I'm working on the problem of migrating voting data from one grouping, electoral divisions, to another, census divisions. I'm not sure if this is a common problem in statistics broadly, but in the spatial world it's often called the "modifiable areal unit problem", and I'm struggling to find a way to quantify the error.

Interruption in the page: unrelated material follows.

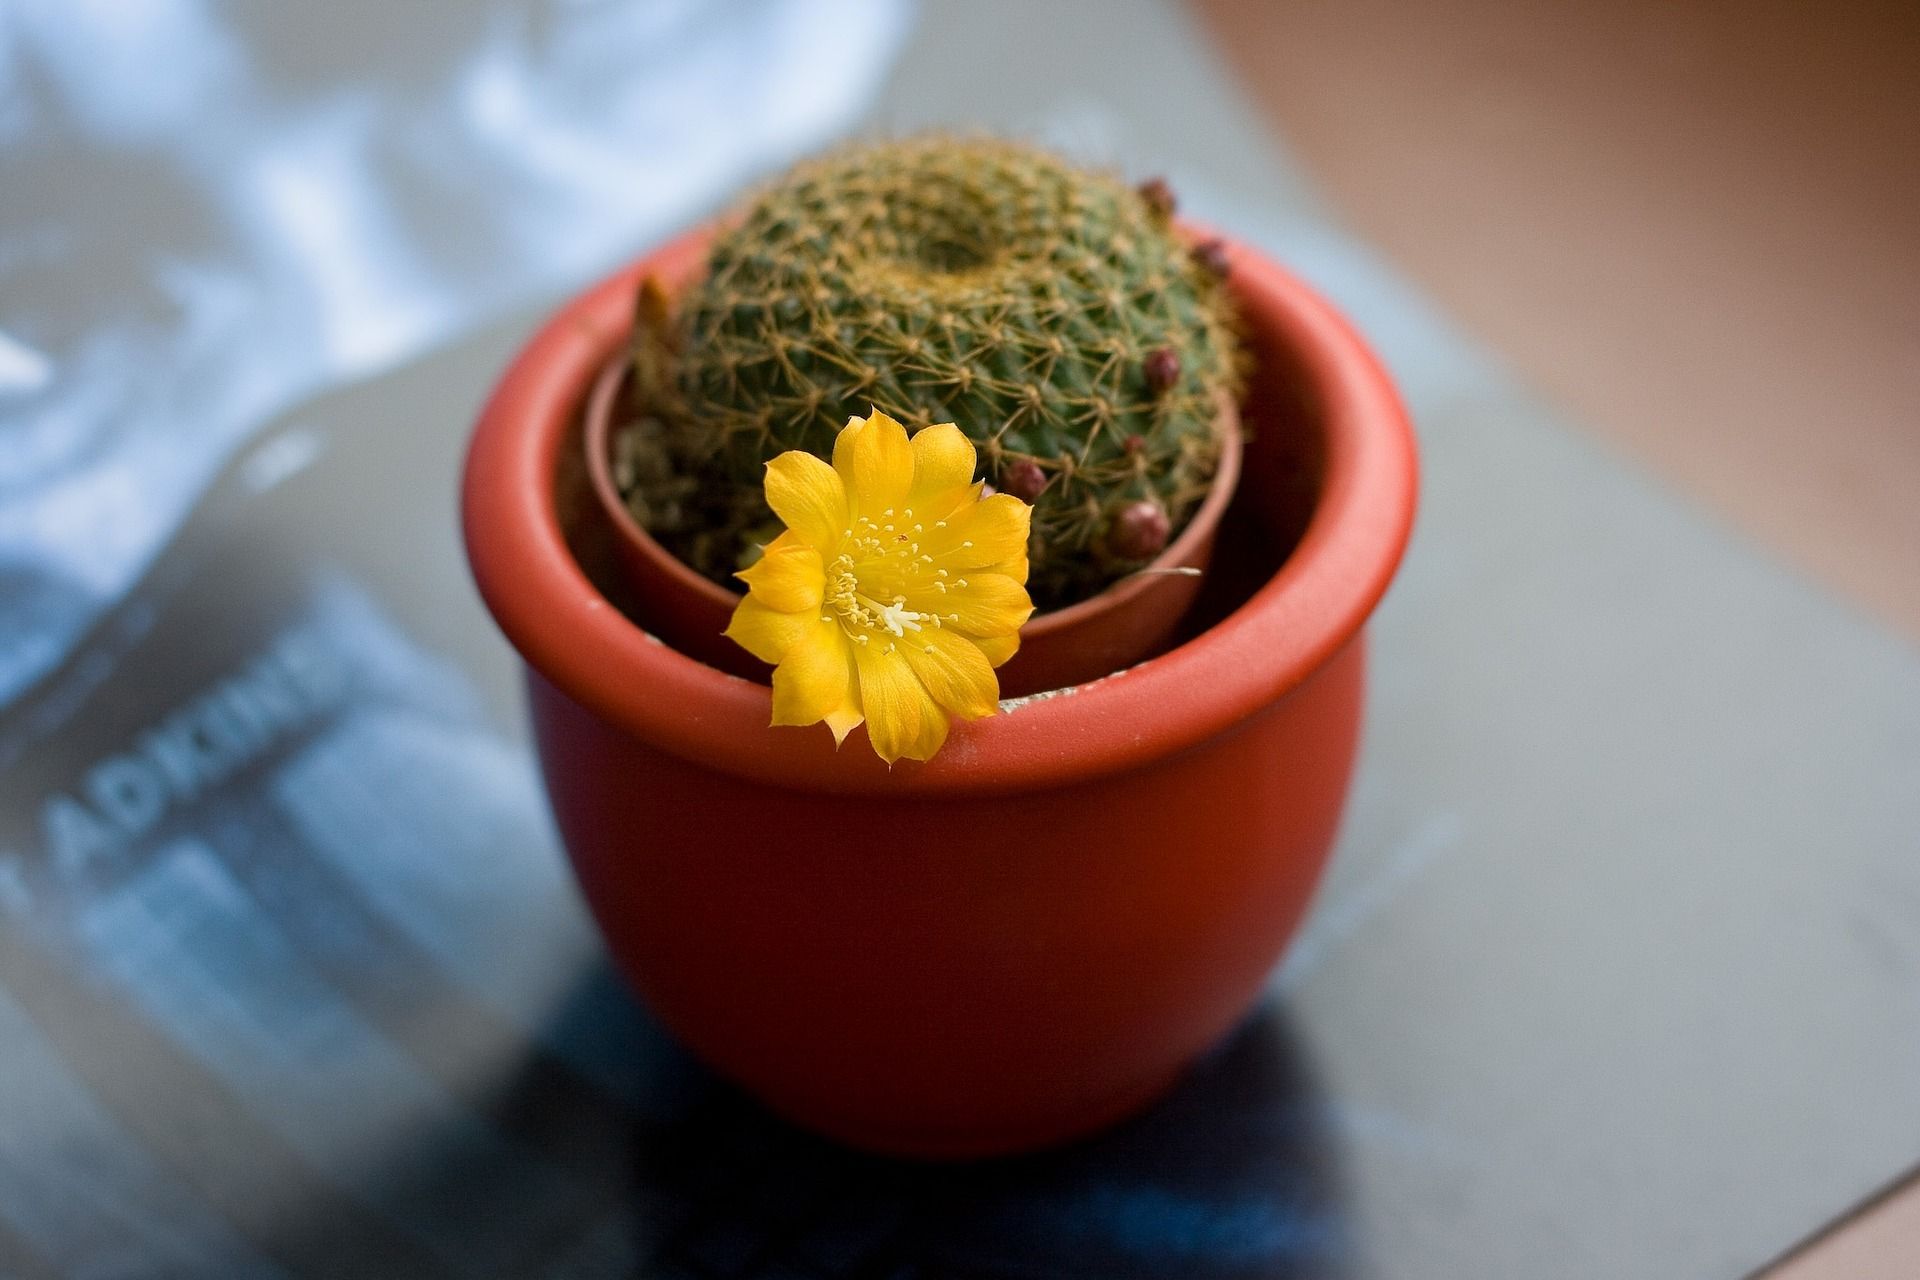 Cactus with bloom

For example, imagine we have a two-party system where people can either vote for Party A, Party B, or not vote at all. In a small neighbourhood, a street is divided so that there are 10 houses, split between two groups as follows, where the lines represent the grouping of houses (the H's) into election divisions:
EDiv 1 EDiv 2 ________________________ __________________________ H1 H2 H3 H4 H5 H6 H7 H8 H9 H10
We know that exactly 1 person lives in each house. We also know that in EDiv 1, there were 2 Party A votes, 1 Party B votes, and 2 non-voters. In EDiv 2, there was 1 Party A voter, 3 Party B voters, and 1 non-voter.
We're interested, however, in finding out vote distribution by census division. These, over the same houses as above, look like this:
CDiv 1 CDiv 2 CDiv 3 ____________ ______________________ ____________ H1 H2 H3 H4 H5 H6 H7 H8 H9 H10
The question is then in two parts: 1) how do you estimate the vote count total in the census divisions, and 2) how do you quantify the uncertainity.
My approach to the first part (which may be incorrect) was to perform calculations party-by-party. For example:
For Party A in EDiv 1, each house has a probability of voting for them of 2/5 = 0.4. In EDiv 2 it is 1/5 = 0.2. Then, when you group them by census divisions, you sum probabilities up, so CDiv 2 would likely have 0.4 + 0.4 + 0.2 + 0.2 = 1.2 votes for Party A.
Is this the correct approach, and if so, how do I quantify the error? It's also worth mentioning that the actual data I'm working with is at a very small scale (typically ~500 people per area), which helps to reduce the MAUP problem compared to larger spatial divisions.